As Repo Men got under way, with Jude Law as a futuristic organ harvester whose blood-spattered job goes awry, the RSL system delivered the goods with as little listening fatigue as I’ve ever had with any high-resolution speakers delivering a noisy movie. Achieving the right balance between vocal clarity and dynamically challenging effects was a set-and-forget affair, and there were no gross flaws in the speakers’ tonal distribution above the sub crossover. However, I did use the outboard volume control to tweak the sub. Although my initial test-tone settings were conservative, the glossy black cube’s contribution to male voices was too obvious. I easily fixed this problem by lowering the level with the sub remote.

The medieval war epic Ironclad stars Paul Giamatti (playing against type) as raging English King John, who is trying to wiggle out of the Magna Carta. This movie gave the RSLs a chance to show off their imaging and dynamic prowess with unusual layering and panning effects in action scenes. Ironclad’s 13th-century battles were rich in bloodcurdling cries, the clangor of swords on shields, and whizzing/thunking arrows. But these elements rose and fell like tides, sometimes suddenly diminishing to emphasize the sorrowing undercurrent of music, only to rush back in again. The speakers imaged these shifting elements strongly and with complete dynamic confidence. All this activity rioted across a soundfield that was large and un-speaker-bound.

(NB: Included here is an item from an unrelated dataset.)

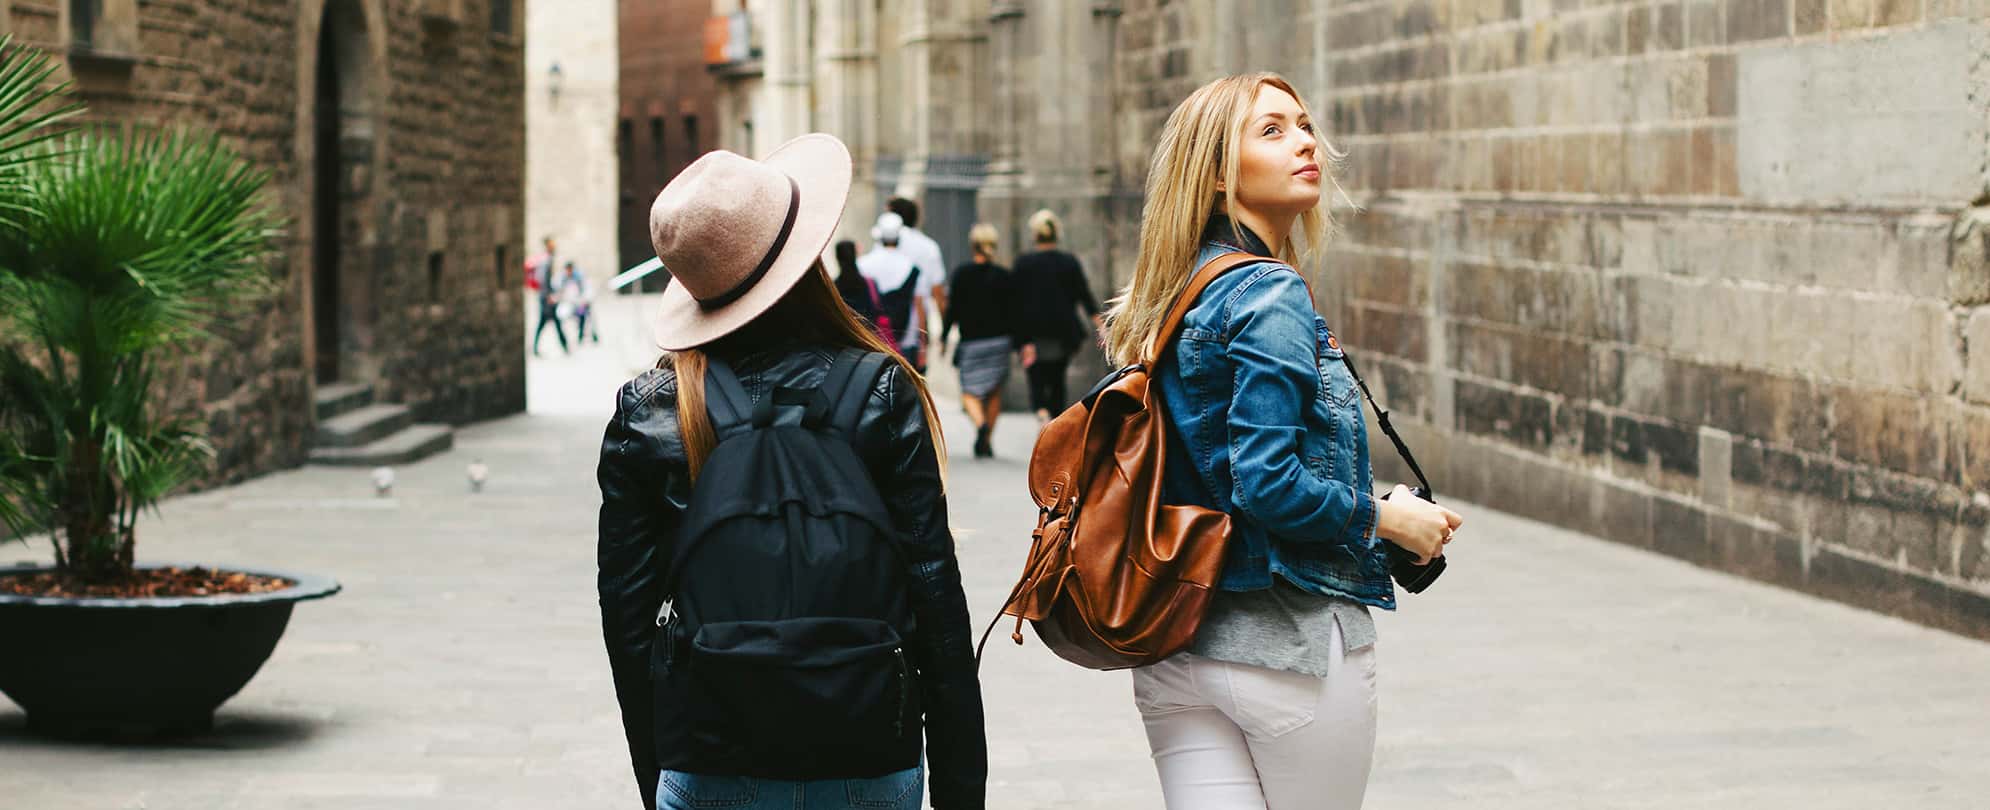 Two young women wearing backpacks walk through the city of Barcelona, Spain.

Quentin Tarantino’s Jackie Brown is studded with vintage soul music—and Johnny Cash—and the RSLs mined these musical chestnuts for vocal warmth and vividness. One of the things I love about home theater is hearing what a good set of speakers can do for music originally mixed for car radio and then massaged for surround. But the bulk of the soundtrack is devoted to dialogue—in the Tarantino tradition, the film has numerous talky passages—and the CG24 excelled with a combination of intelligibility, naturalness, and freedom from midrange coloration. Eventually, it was Samuel L. Jackson’s voice that dominated my attention, perhaps because it was the one that most resembled a musical instrument. The balance of midbass, midrange, and upper midrange through the center speaker I spoke of earlier was at its most exquisite whenever the actor opened his mouth. It held up well off axis when I moved around the sofa. These speakers do not tyrannize the listener with a beamy sweet spot. They are family friendly.

Pastry Chef
Mahler’s Symphony No. 2 (“Resurrection”) recorded at the Lucerne Festival with Claudio Abbado conducting the Lucerne Festival Orchestra arrived on Blu-ray Disc. This giant, over-the-top Viennese pastry of a work features the Orfeón Donostiarra chorus with vocal soloists Eteri Gvazava and Anna Larsson. The entry of Larsson’s contralto provided the highlight of the listening sessions as it floated completely free of the speakers and took on all the tonal, dynamic, and spatial subtleties you’d expect in a great voice operating in a great concert hall with no intermediating electronics. It was hard to believe I was listening to loudspeakers driven by an amplifier. Strings and brass both had well-shaped dynamic envelopes and steady decay. Articulation of bowing could have been stronger—but speakers that pull off that trick often do so at the expense of overall comfort. The RSLs certainly had enough resolution to convey the swooning string vibrato that comes toward the end of the first movement as well as enough rhythmic momentum to reveal the second movement’s percolating pizzicato. The decay of the first movement’s final bass notes was impressively long and continuous, as though delivered by a good, full-range speaker, as opposed to this monitor-and-sub configuration. And when the last movement brought in pipe organ for its ecstatic finale, the sub kept its cool. The soundfield and objects within it were consistent—they didn’t change shape or collapse at moderately high volumes or lose tone color at low volumes.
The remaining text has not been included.